In [4]:
%matplotlib inline

# Packages
import os, glob, scipy, sys
import numpy as np
import pandas as pd
import matplotlib.pyplot as plt
import seaborn as sns

# Project directory
base_dir = os.path.realpath('..')
print(base_dir)

# Project-specific functions
funDir = os.path.join(base_dir,'Code/Functions')
print(funDir)
sys.path.append(funDir)
import choiceModels, costFunctions, penalizedModelFit, simulateModel

# General-use python functions
dbPath = '/'.join(base_dir.split('/')[0:4])
sys.path.append('%s/Python'%dbPath)
import FigureTools

/Users/jeroen/Dropbox (Brown)/PhD/0. Working folder/HMTG_followUp_final/ShareDataCode
/Users/jeroen/Dropbox (Brown)/PhD/0. Working folder/HMTG_followUp_final/ShareDataCode/Code/Functions


## Load Data

In [5]:
study1 = pd.read_csv('%s/Data/Study1/HMTG/allDataLong.csv'%baseDir, header = None)
study1.columns = ['sub','block','trial','inv','baseMult','mult','exp','ret']
exclude = pd.read_csv('%s/Data/Study1/HMTG/exclude.csv'%baseDir, header = None).values.T[0]
print(len(study1))
study1 = study1.loc[~study1['sub'].isin(exclude),:]
study1.head()
print(len(study1))
print(len(study1['sub'].unique()))

16640
16320
102


## Fit models

Here is some example code using the models and cost functions defined in the Functions folder:

In [33]:
niter = 3
baseMult = 4
model = costFunctions.MP_costfun_ppSOE
modelName = 'MP_ppSOE'
best_fits = pd.DataFrame(columns = ['sub','baseMult','model','theta','phi','SSE'])
for sub in [1,2]:
    # Set up fitting output dataframe:
    sub_fits = pd.DataFrame(columns = ['sub','baseMult','model','theta','phi','SSE'])
    # Select subject data, keep only trials with nonzero investment:
    subDat = study1.query('sub == @sub and baseMult == @baseMult and inv > 0').copy().reset_index(drop=True)
    # Fit model between parameters on domains [0,.5] (theta) and [-.1,.1] (phi)
    bounds_lower = [0,-.1]
    bounds_upper = [.5,.1]
    for i in range(niter):
        randos = np.random.rand(2)
        x0 = np.array(bounds_lower) + np.multiply(randos, np.array(bounds_upper) - np.array(bounds_lower))
        out = least_squares(model, x0, bounds = [bounds_lower, bounds_upper],
                 args = ([subDat]), diff_step = .005)
        print(x0, out.x, out.cost)
        sub_fits = sub_fits.append(pd.DataFrame([[sub,baseMult,modelName,out.x[0],out.x[1],out.cost]],
                                               columns = sub_fits.columns))
    # Select best-fitting parameters for participant and add to results dataframe:
    sub_fits = sub_fits.sort_values(by = 'SSE', ascending = True)
    best_fits = best_fits.append(sub_fits.iloc[0,:])

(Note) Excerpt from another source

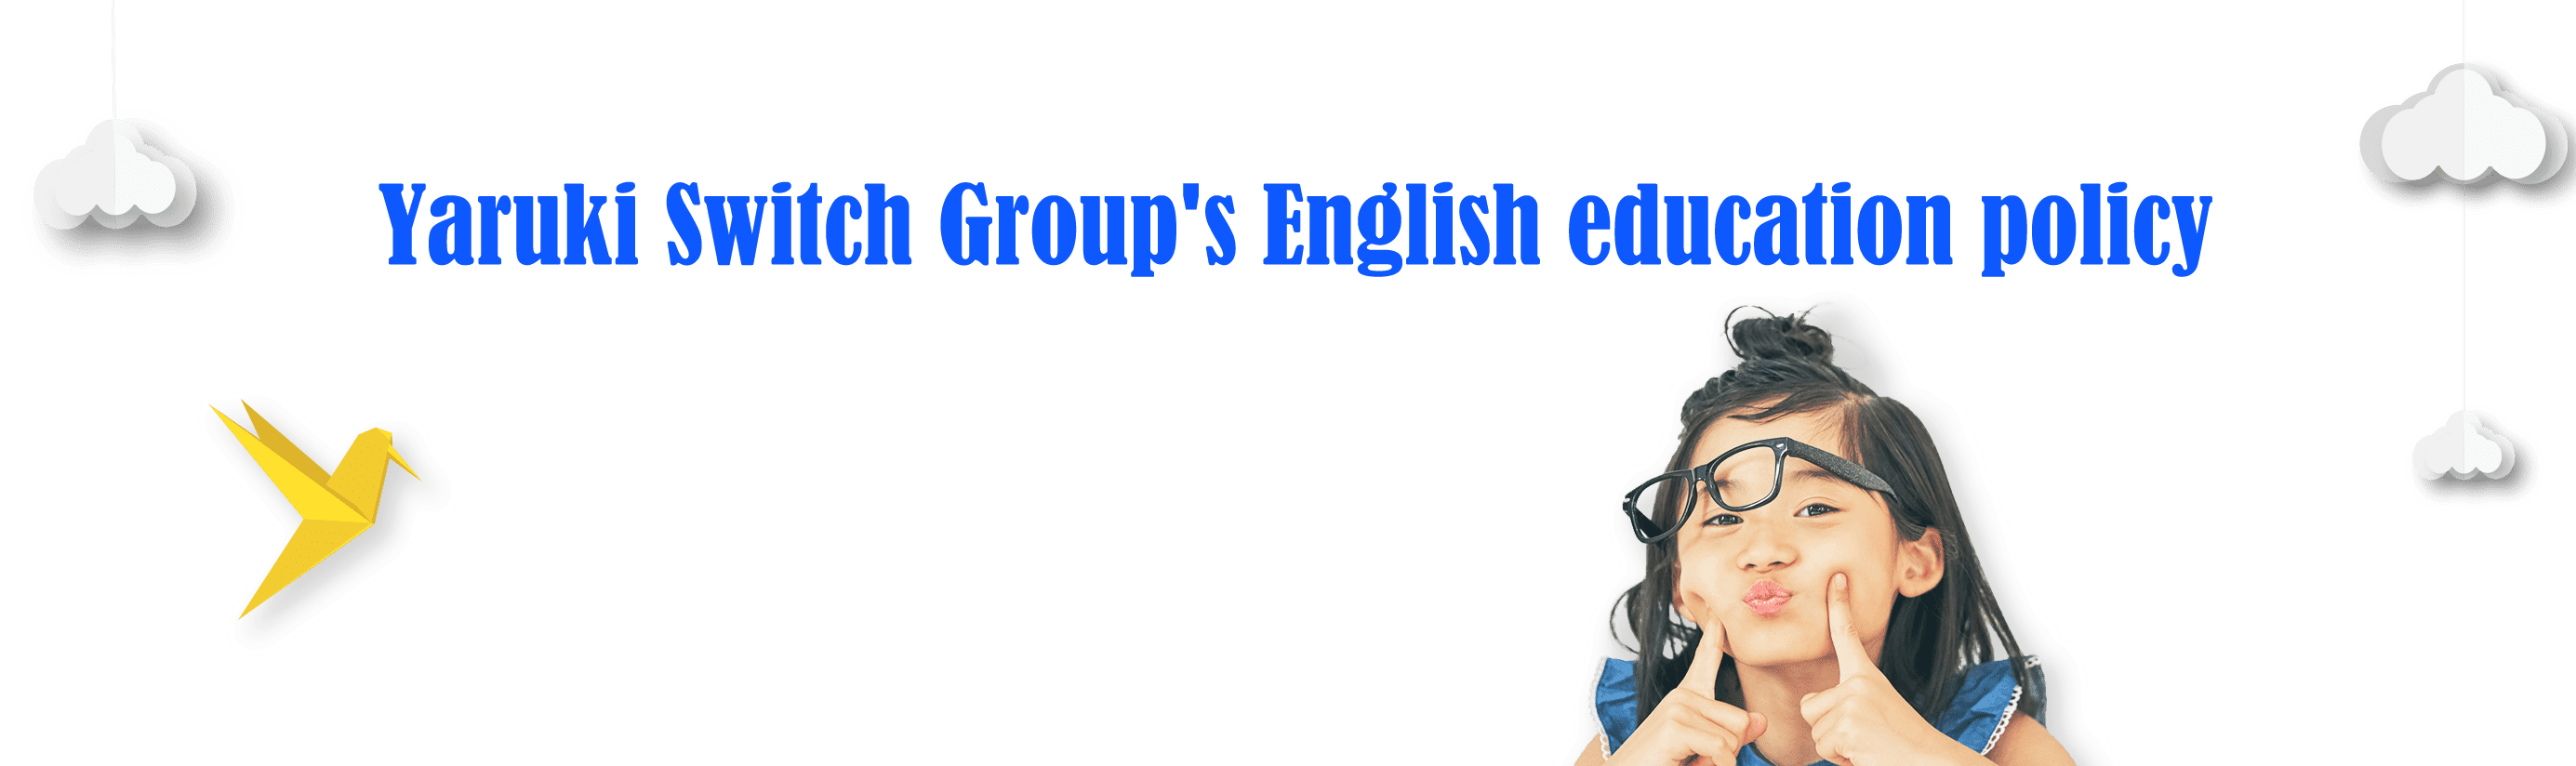 Yaruki Switch Group's English education policy

[0.06412323 0.01511354] [ 0.08738989 -0.00213702] 84.0
[0.28125205 0.05112751] [0.19277217 0.05112751] 238.5
[0.47922263 0.0702712 ] [0.17894786 0.0702712 ] 195.0
[ 0.03932602 -0.01090841] [0.07953587 0.00113294] 3169.5
[ 0.03473394 -0.01667751] [0.15182059 0.00117889] 2549.0
[0.37100653 0.0048783 ] [0.48903136 0.02674215] 3.5


In [34]:
best_fits

Unnamed: 0,sub,baseMult,model,theta,phi,SSE
0,1,4,MP_ppSOE,0.08739,-0.002137,84.0
0,2,4,MP_ppSOE,0.489031,0.026742,3.5


These models tend to get stuck in local minima, depending on the fitting algorithm used and settings like diff_step. To maximize the likelihood that our fitted model parameters were global maxima within the parameter bounds, we ran this fitting procedure 1000 times per participant on a computing cluster.